Под ногами — слякоть. Чиновник скорбно осмотрел свои безнадежно загубленные ботинки.
— Что тут у вас такое? — спросил он.
С крыльца одной из халуп — лавки, если судить по вывеске — за погрузкой наблюдал тощий низкорослый старик, почти терявшийся в складках непомерно просторной одежды. И не поймешь, усмехнулся про себя чиновник, то ли хмырь этот усох в два раза, то ли хламида его выросла под животворными лучами местного солнца, или как там они его называют.
В левом ухе болтается серьга, миниатюрный серебряный череп — мирный деревенский лавочник был когда-то бравым космическим десантником; в левой ноздре сверкает увесистый рубин — ветеран Третьего воссоединения.
— Тротуар сдираем, — мрачно сообщил старикашка. — Самый взаправдашний морской дуб, да к тому же — мореный. Пролежал в этом болоте чуть не сто лет. Это дед мой мостил, когда поселка еще считай что не было. В те времена — грошовый материал, а через год сколько я спрошу за эти колобахи — столько мне и заплатят.
— А как тут у вас насчет лодку нанять?
—— А никак. Пристань всю порушили, так и лодок совсем не осталось. — Он кисло ухмыльнулся, любуясь ошарашенным лицом собеседника. — Пристань, она ведь тоже была из дуба. Вот ее и разобрали, месяц еще назад, чтобы успеть вывезти по железной дороге, пока не сняли рельсы.
Чиновник с тоской посмотрел на восток, вслед «Левиафану», почти уже скрывшемуся за горизонтом. Рой мошкары — то ли комаров, то ли еще какой гадости, — угрожающе крутившийся неподалеку, утратил почему-то агрессивные намерения и тихо, без излишней суеты, смылся. Мошкара, дирижабль, железная дорога, тротуар, пристань с лодками — Лайтфут не давал себя потрогать, ускользал из-под пальцев, подхваченный огромной, неудержимой волной. Чиновник почувствовал головокружение, легкую тошноту, его словно засосало в безвоздушное пространство, в невесомость, где перепутаны верх и низ и нет почвы под ногами.
Бревно шлепнулось наконец в кузов грузовика, сопровождаемое громкими, торжествующими криками. Женщина, управлявшая лебедкой, весело трепалась со стоящими чуть не по колено в грязи парнями.
— А платье у меня будет — вы все тут сдохнете. Вырез — вот досюда.
— Что, Беа, собираешься продемонстрировать нам свои сиськи, самый краешек? — поинтересовался один из парней.
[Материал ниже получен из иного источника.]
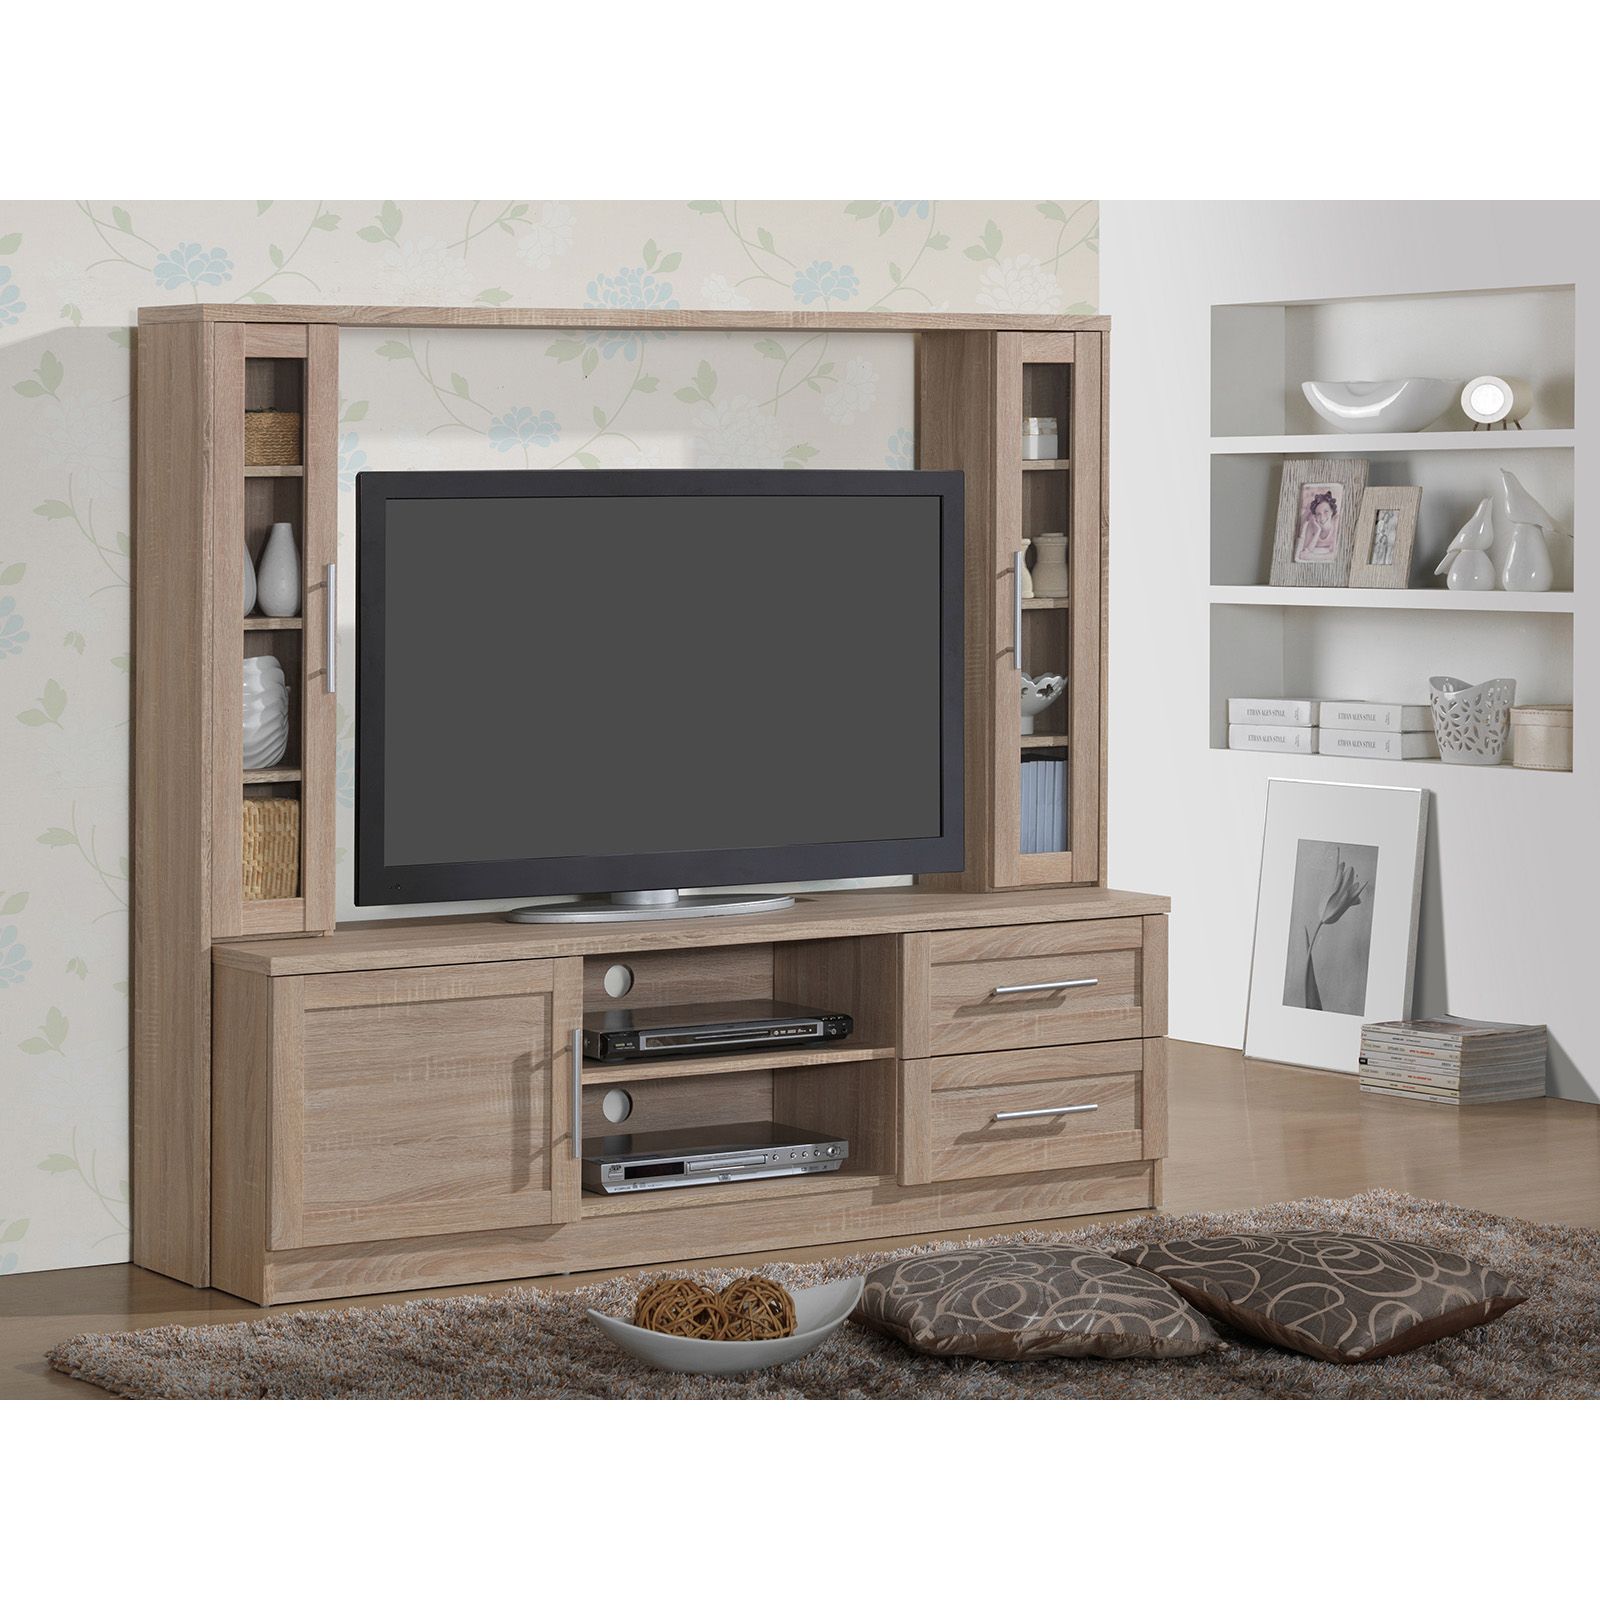 Techni Mobili Entertainment Center With Storage – Sand Pertaining To Big Lots Tv Stands (View 15 of 15)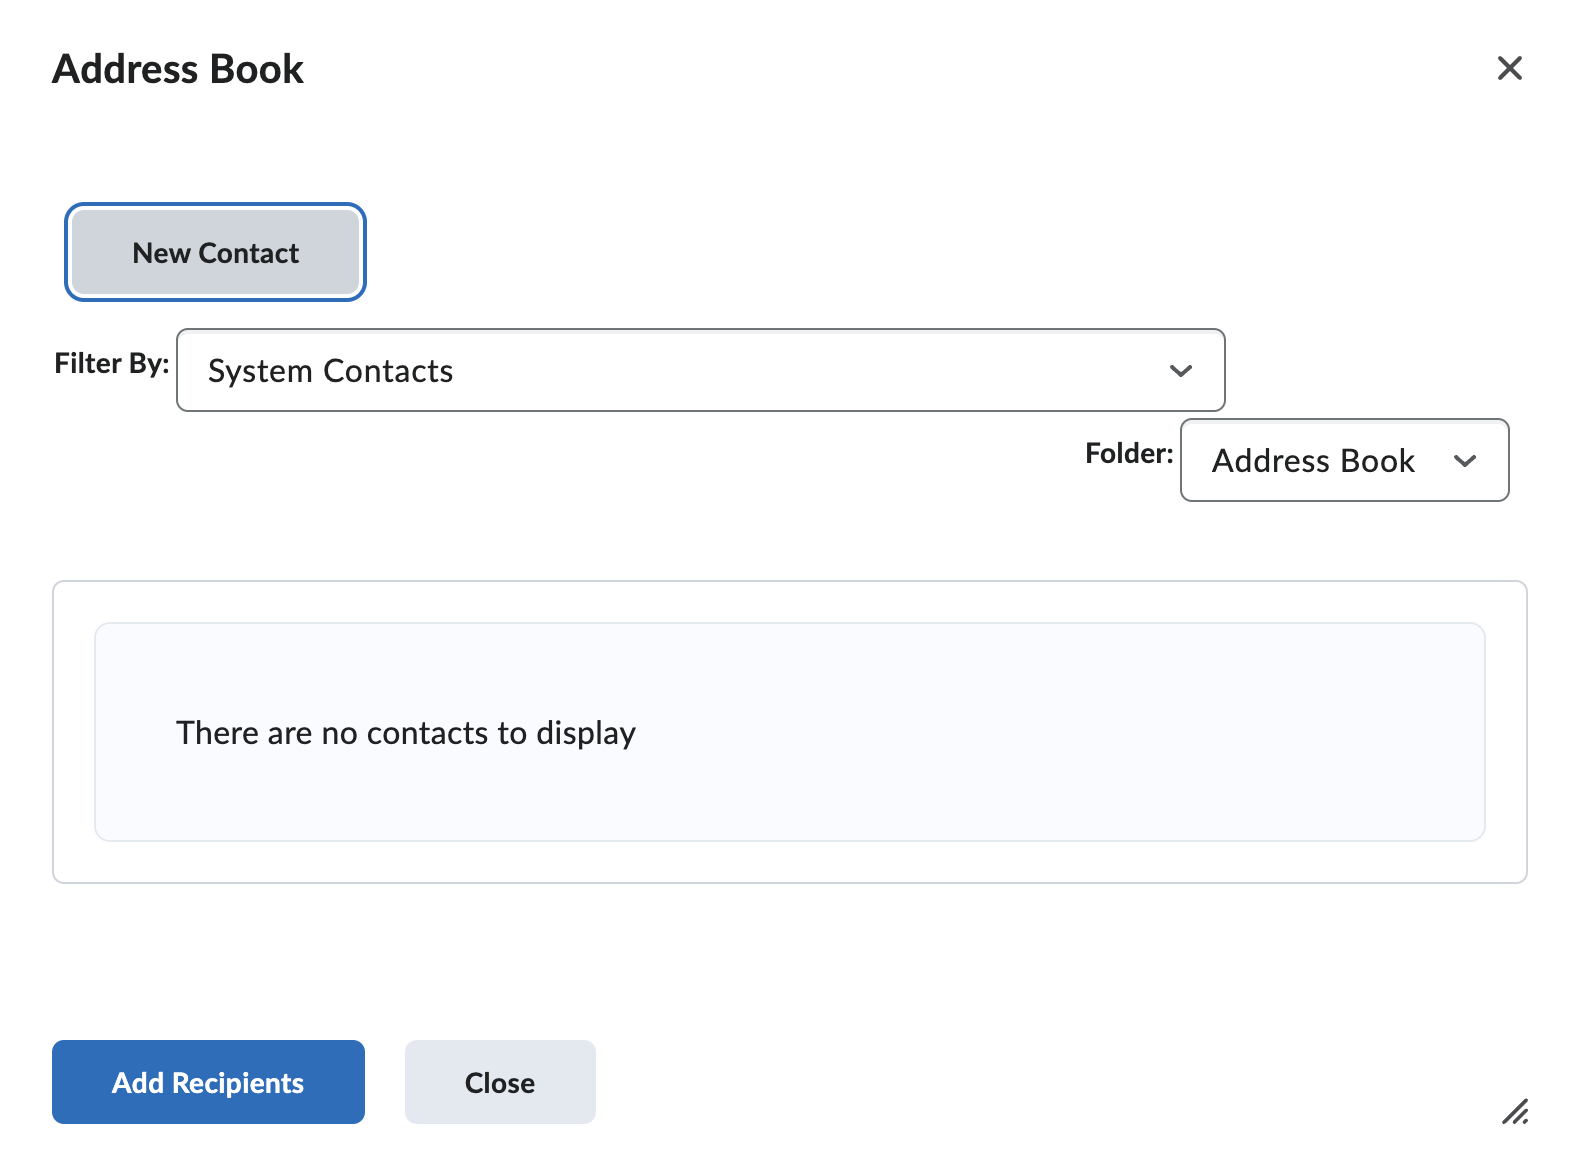 address book showing "no contacts to display"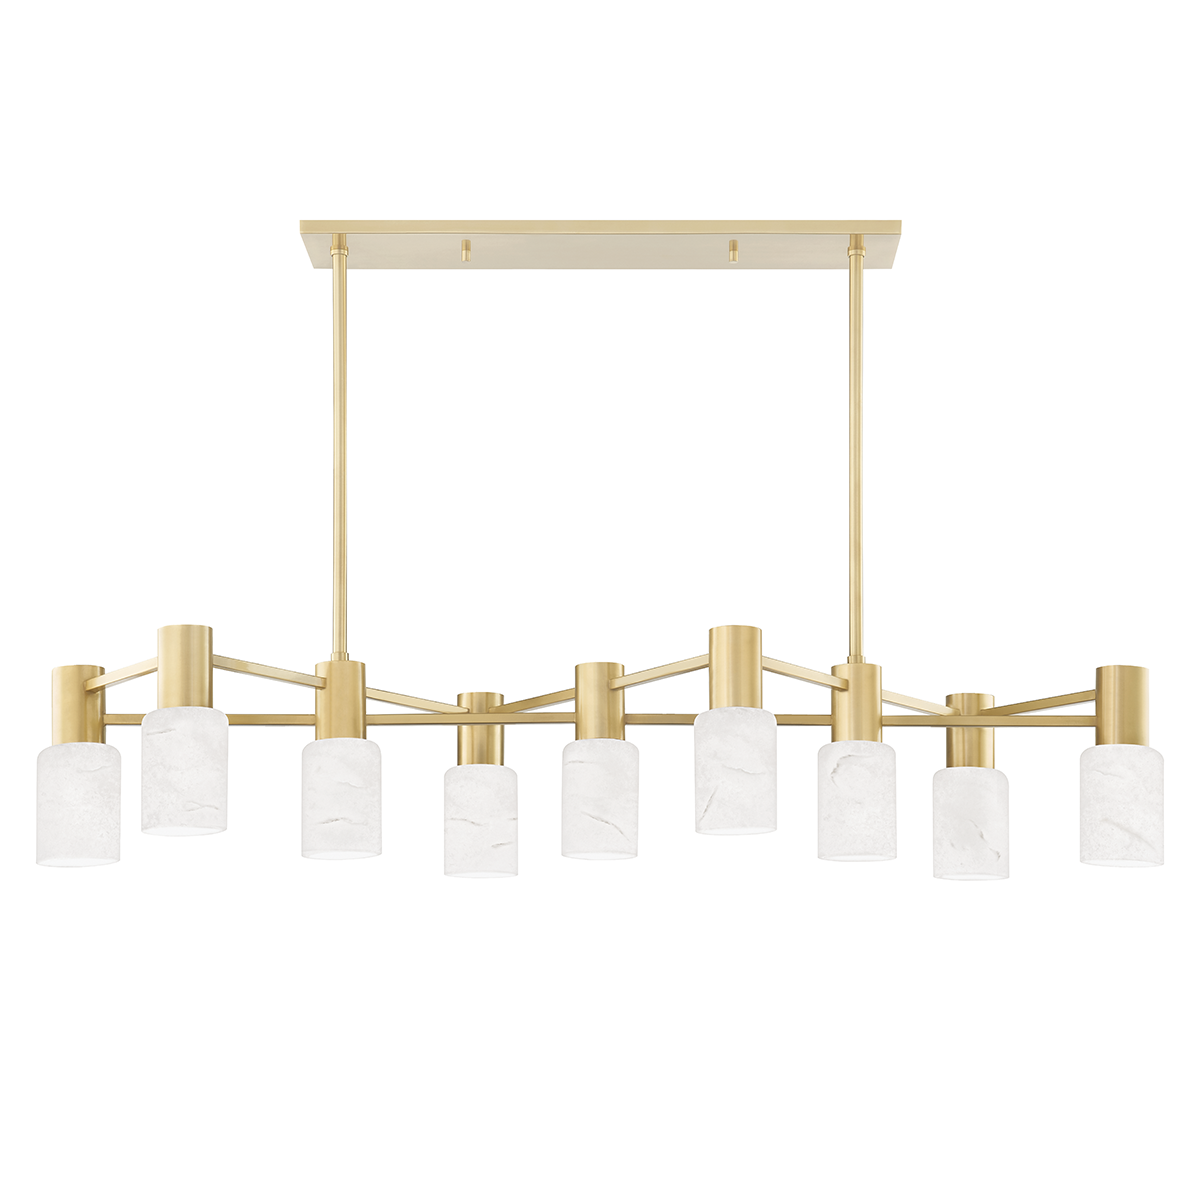 CENTERPORT 4248-AGB | Hudson Valley Lighting Group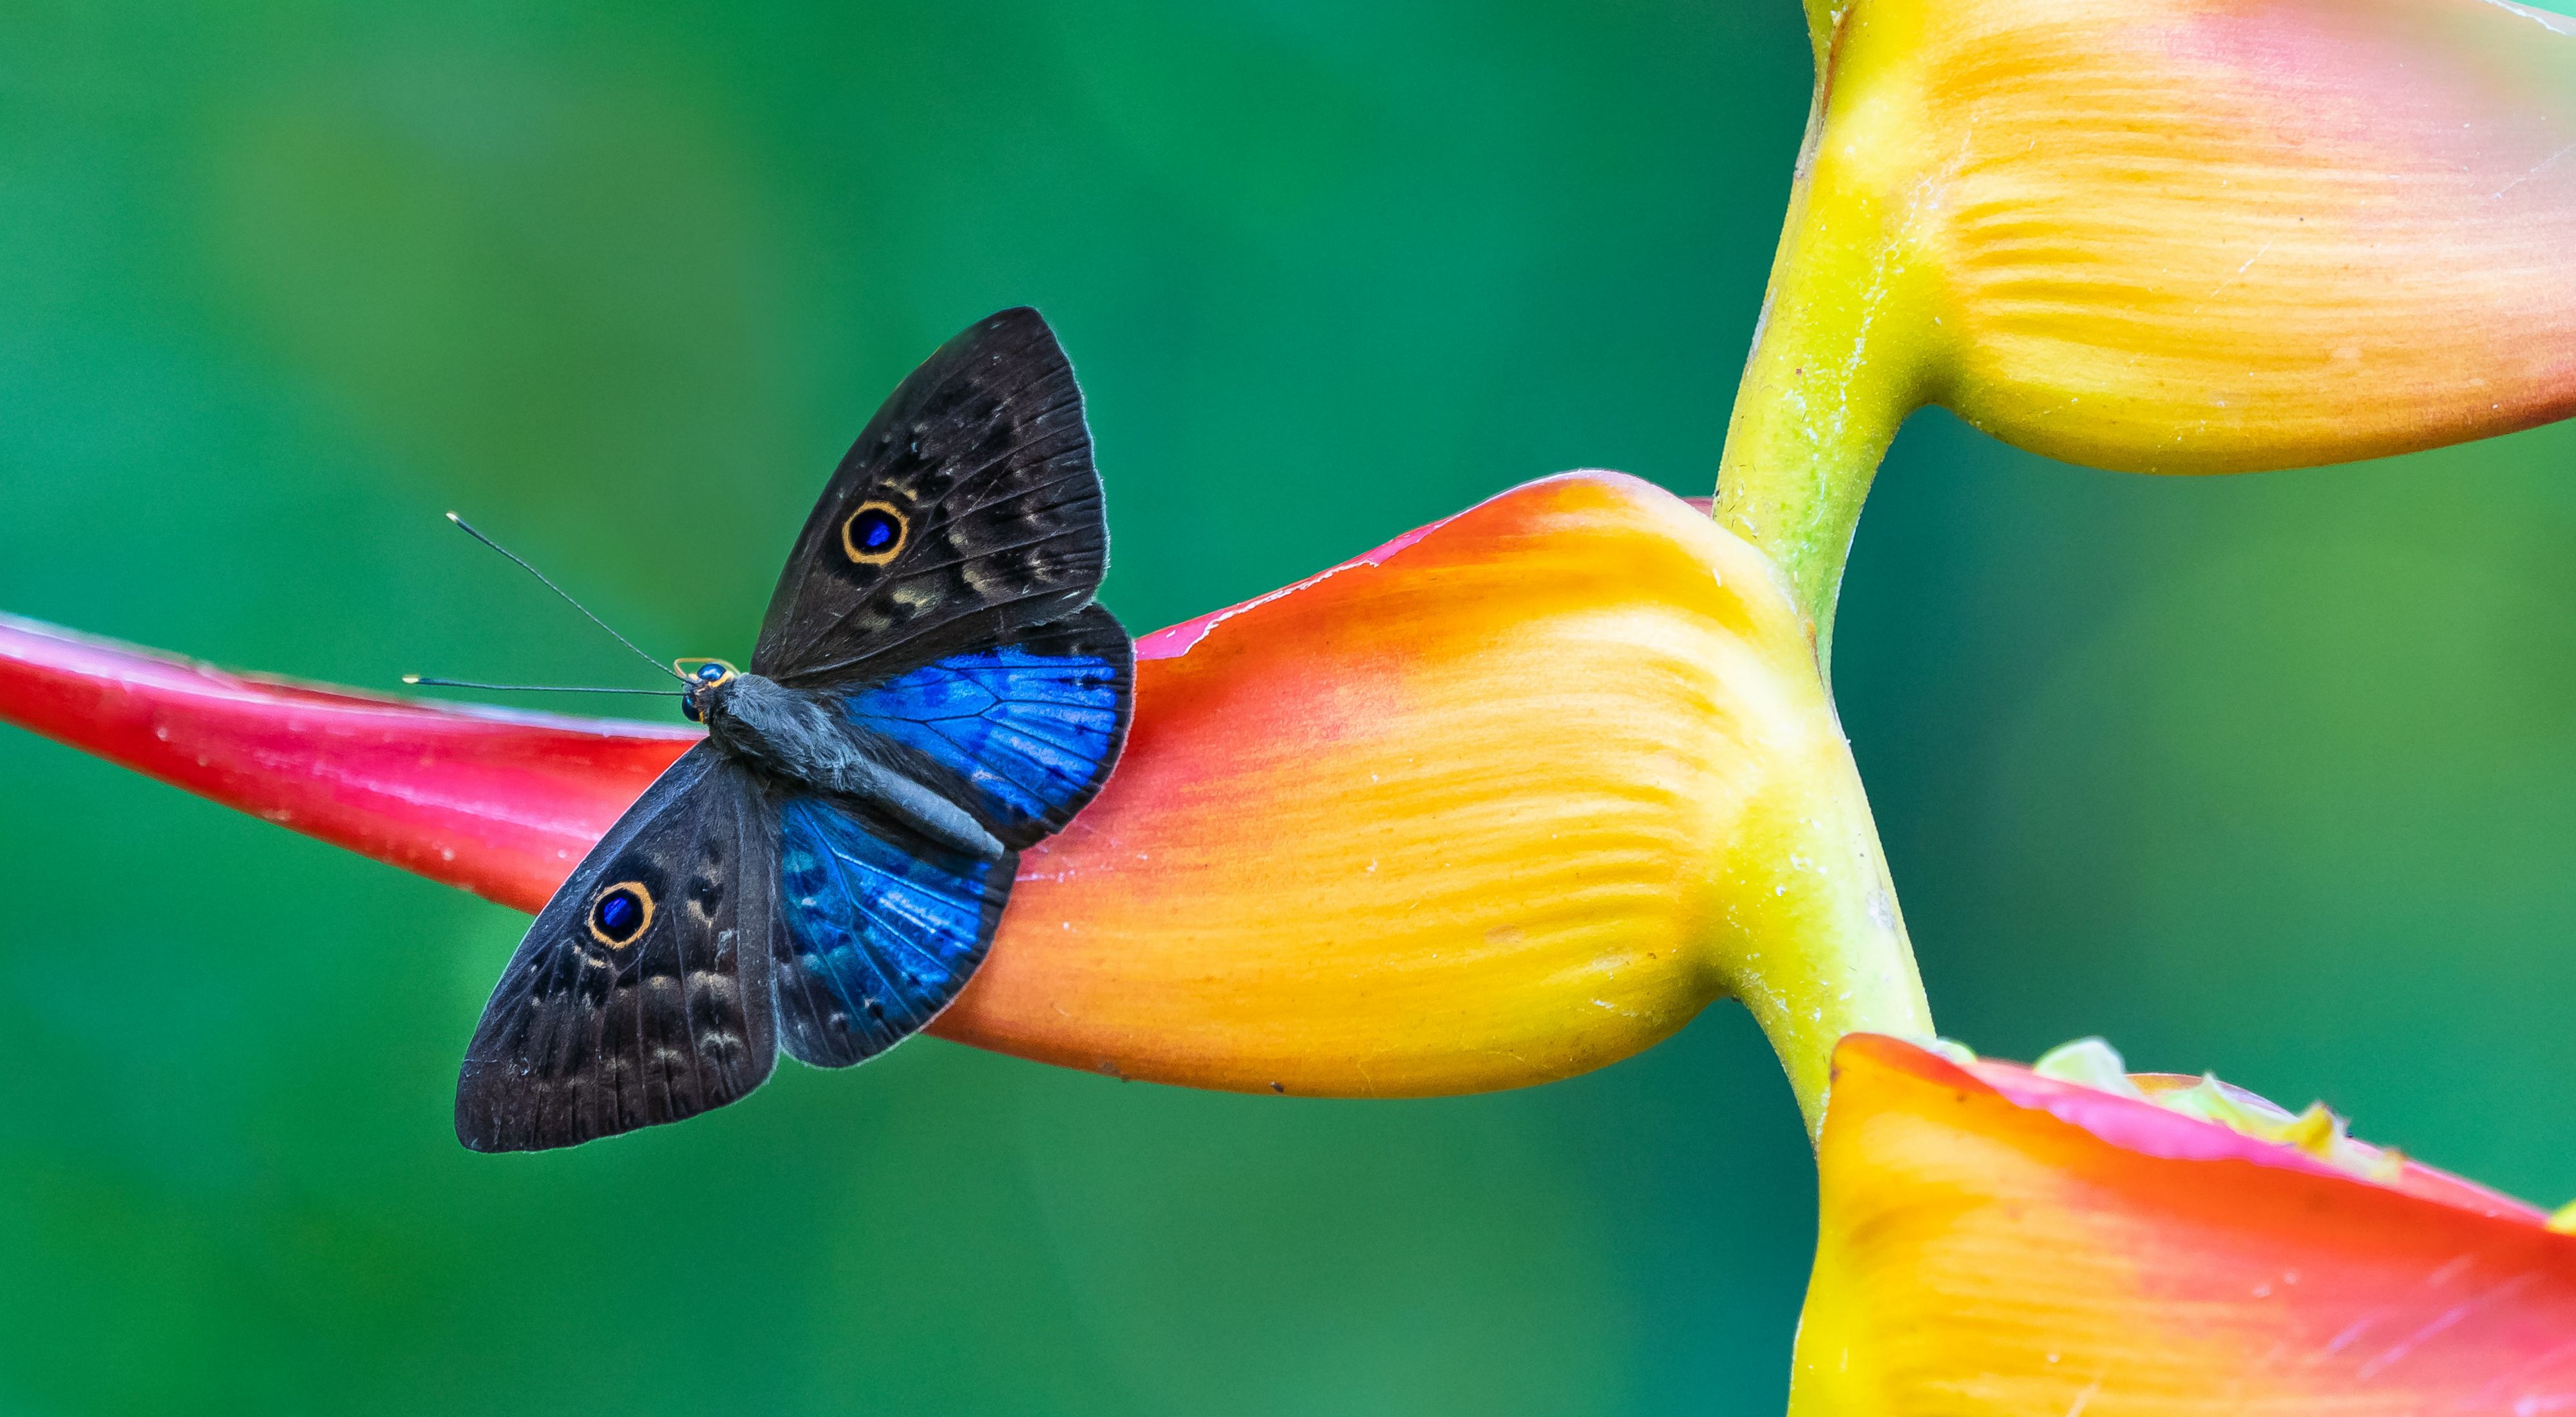 a blue and black butterfly rests on a colorful yellow and pink flower

— Краешек! — пренебрежительно фыркнула женщина. — Вырез почти до самых сосков. На выставке будут представлены товары, о существовании которых вы, пентюхи, даже и не догадывались.
— Ну, я-то, в общем, догадывался. Только не появлялось как-то желания заниматься этим всерьез.
— Приходи сегодня вечером в Роуз-Холл. Посмотришь — пальчики оближешь.
— Только пальчики? А может, что-нибудь еще? — Парень ухмыльнулся и тут же отскочил в сторону, заметив, что плохо привязанное бревно угрожающе двинулось к опущенному борту грузовика.
— Ты там, поосторожнее! С тобой, дурой, и пошутить нельзя — сразу ноги норовишь отдавить.
— За ноги не беспокойся, я тебе не ноги, я тебе другое отдавлю!
— Извините, пожалуйста, — вежливейшим голосом начал чиновник, — это ваш грузовик? Я хотел бы его арендовать.
— Мой, — повернулась рыжая женщина. — Только он вам не подойдет. У меня тут поставлена батарея от другой машины, от большой, поэтому приходится понижать напряжение. А трансформатор мой при последнем издыхании. Поработает минут двадцать, ну — полчаса, и начинает гореть. Приходится нянчиться с ним, как с ребенком. У Анатоля есть запасной, но он требует за него какие-то несуразные деньги, три шкуры хочет содрать. Так что я решила с этим делом повременить. Думаю, поближе к юбилею он образумится малость и скинет цену.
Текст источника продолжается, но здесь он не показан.